Josh Duggar, one of the sons from the reality show 19 Kids and Counting which documents the life of the fundamentalist Christian Duggar family, has accepted a position with the Family Research Council.
The Family Research Council is particularly notorious for its anti-gay advocacy and for being categorized as a hate group by the Southern Poverty Law Center. Although, it's also worth noting that the organization also promotes a sexist, "gender complementarist" view of gender roles and identity in addition to opposing abortion rights.
Even though he's only 25, Duggar has been hired as Executive Director of Family Research Council's legislative branch, FRC Action. In the several articles I've read about his hiring, his experience and educational background has largely been omitted, which seems curious. Maybe there just isn't much to speak of?
So, that must be really neat for him to have such a high-level opportunity.
A couple years ago, I ran an interview here with Vyckie Garrison, who recounted her experiences living in a fundamentalist "Quiverfull" movement where women shun all forms of birth control and remain obedient to "God" and men.
The Duggars, to my knowledge, don't explicitly identify as Quiverfull even as their thinking about gender appears quite similar. In the interview with Vyckie, we talk about how that patriarchal thinking really, as she put it, enshrines "the supreme importance" of men and leads to them often holding unrealistically high opinions of themselves, their ideas, and of their importance in the world.
So, I think it would be interesting to be a fly on the wall to see how a young fellow like Josh Duggar, who has grown up within that sort of "supreme man" culture, interacts with women in his new role, especially with those who disagree with him. For, holding even benevolently sexist ideas about women is often an indicator that darker, more malevolent ideas about whose voices are and are not authoritative are often lurking about an a centimeter under the surface, just waiting for the right context to come out.

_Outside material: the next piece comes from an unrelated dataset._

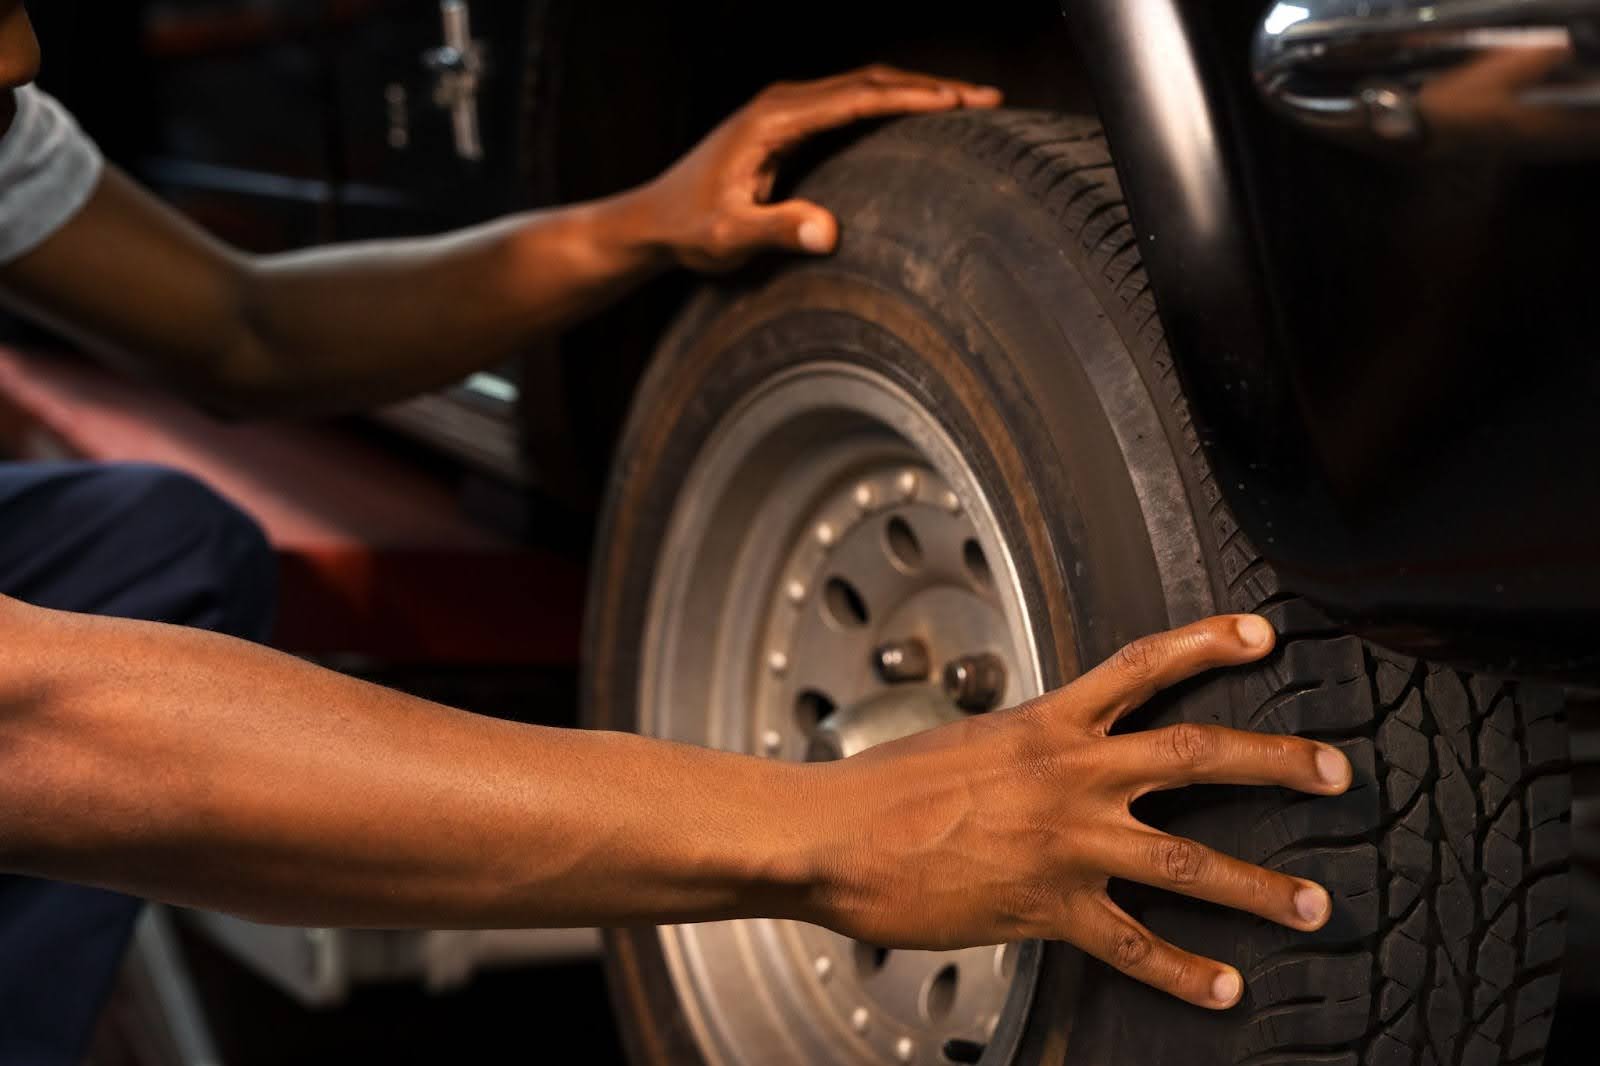 Na imagem um homem está abaixado com as mãos na roda de um carro preto, verificando se o pneu está furado.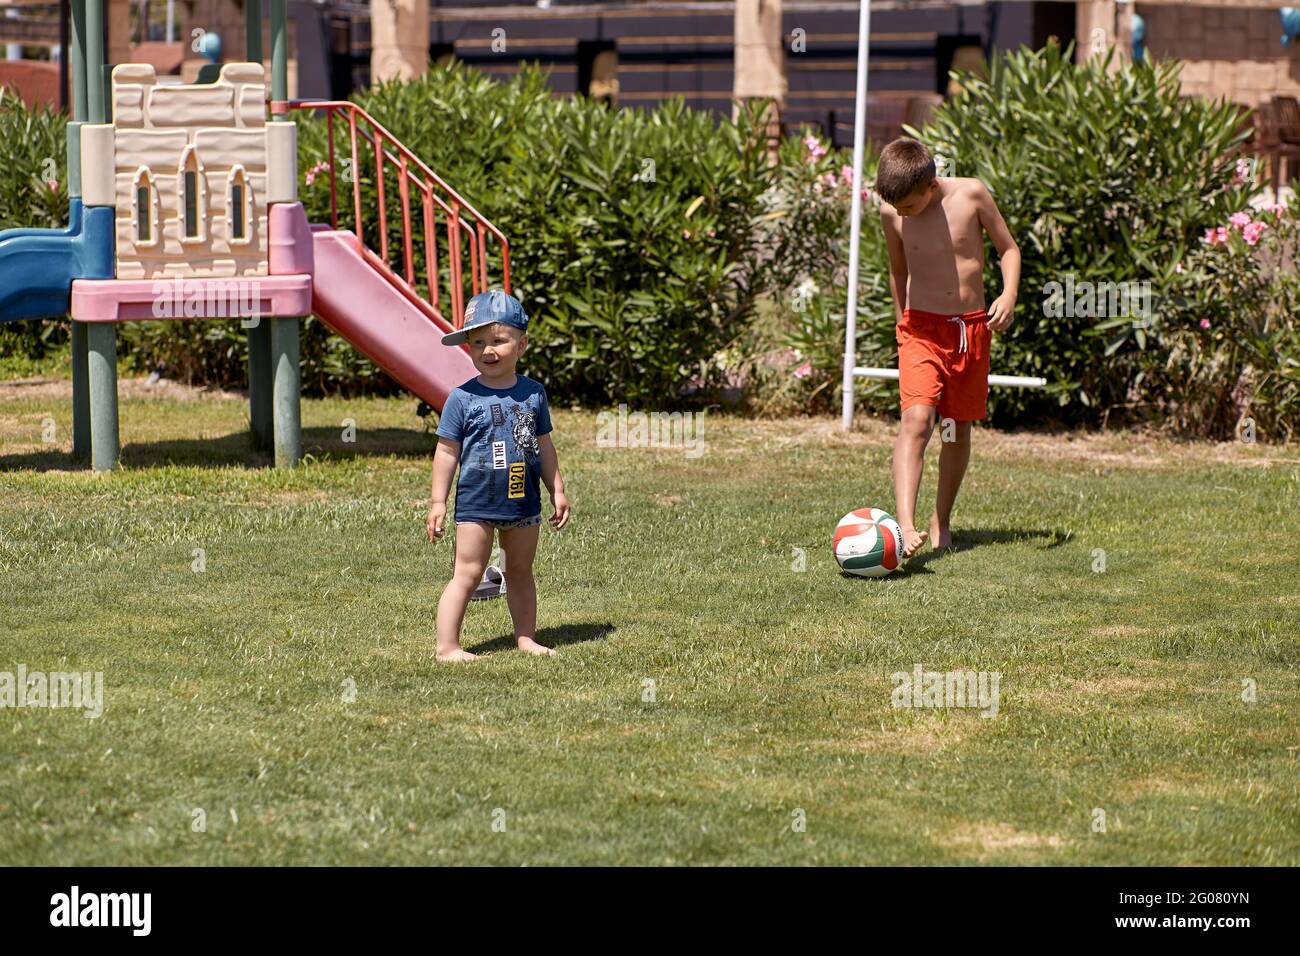 Kemer, Türkei - Mai, 21: Kleinkind und Teenager spielen bei sonnigem Wetter  auf grünem, frischem Rasen Fußball. Konzept von sozialer Distanz,  Sommerspaß und Urlaub. Hochwertige Fotos Stockfotografie - Alamy

In my experience, men who take for granted the intellectual supremacy of men, even if they don't fully comprehend that they hold such a view, often have a rude awakening when first confronted with women who don't live by the "if a man says it, a woman must believe it and agree with it" credo that they mistakenly believe most women live by. It also seems to cause some of them more than a bit of angst when they learn that even if they think of themselves as Good People for being Christians, that other people think of them as really problematic or, gasp, even bigoted and sexist.